The tortuosity of the samples was obtained from the mercury intrusion porosimetry (M.I.P.) as given in Table 1; using the data of β, φ, k and τ Figure 12 can be generated, and the obtained correlation is as follows:

$$\beta =\frac{6.5 \tau }{k^{0.5}{\varnothing }^{4.4}}$$

(25)

Finally, both obtained novelty correlations as illustrated in Equations (23) and (25) not only distinguished that they are consistent in terms of units; but in addition, they are correct compared to many correlations found in the literature. It was noted that many of them are incorrect in terms of units.

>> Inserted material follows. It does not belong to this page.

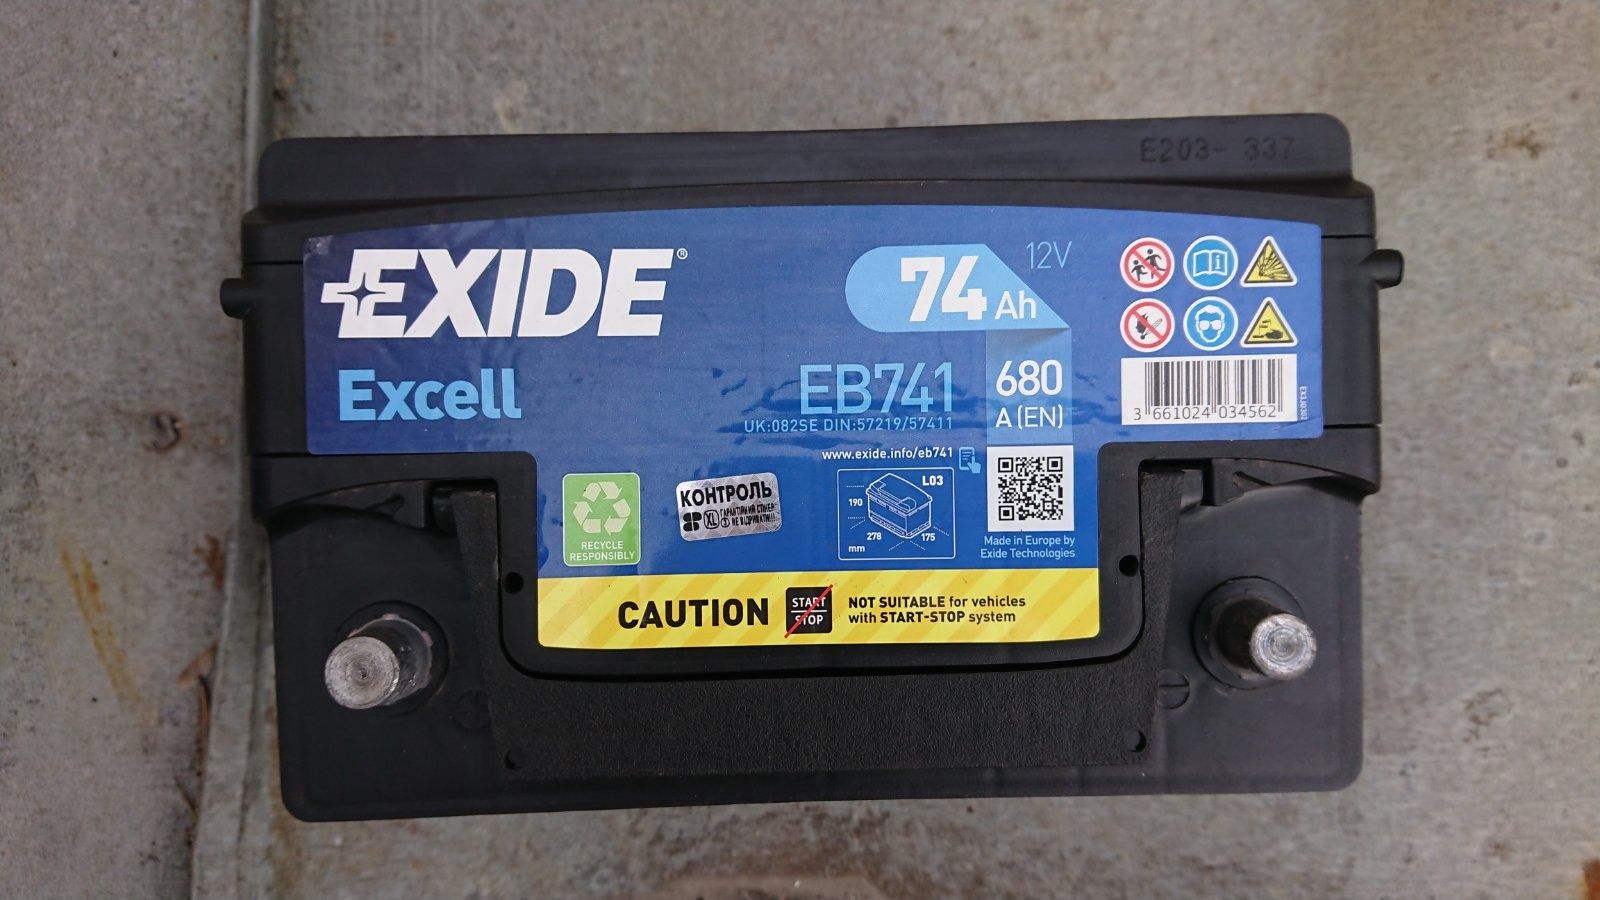 Exide Excell 74Ah 680A 12V EB741

However, our reliable experimental results as shown in Figure 13 and Figure 14 were obtained based on radial flow experiments and large samples.

8. Conclusions

In this study, the non-Darcy flow was characterized by the means of the hydraulic gradient using seven large artificial porous media prototypes. In addition, non-Darcy coefficient data were collected from our experiment. As a result, imperative correlations were generated with respect to unit consistency and the influence of porosity and tortuosity.

• There are many methods for calculating the non-Darcy coefficient in the literature using flow velocity and the combined action of the displacement medium (liquid) and the porous media. This includes using the Reynolds number, the Forchheimer number, or analyzing pressure and flow data.
• The data were collected using seven large samples in this paper, and the flow was radially considered uncommon in the literature. In total, 358 experiments were conducted. Water and air were used as operating fluids.
• This study produced two reliable equations, one of which considered tortuosity an important parameter. Many researchers have recently argued that it should be included in the correlations. This work can be extended by experimenting with other fluids such as oil, CO₂, etc. Additionally, more samples with different porosity and permeabilities will produce more β points.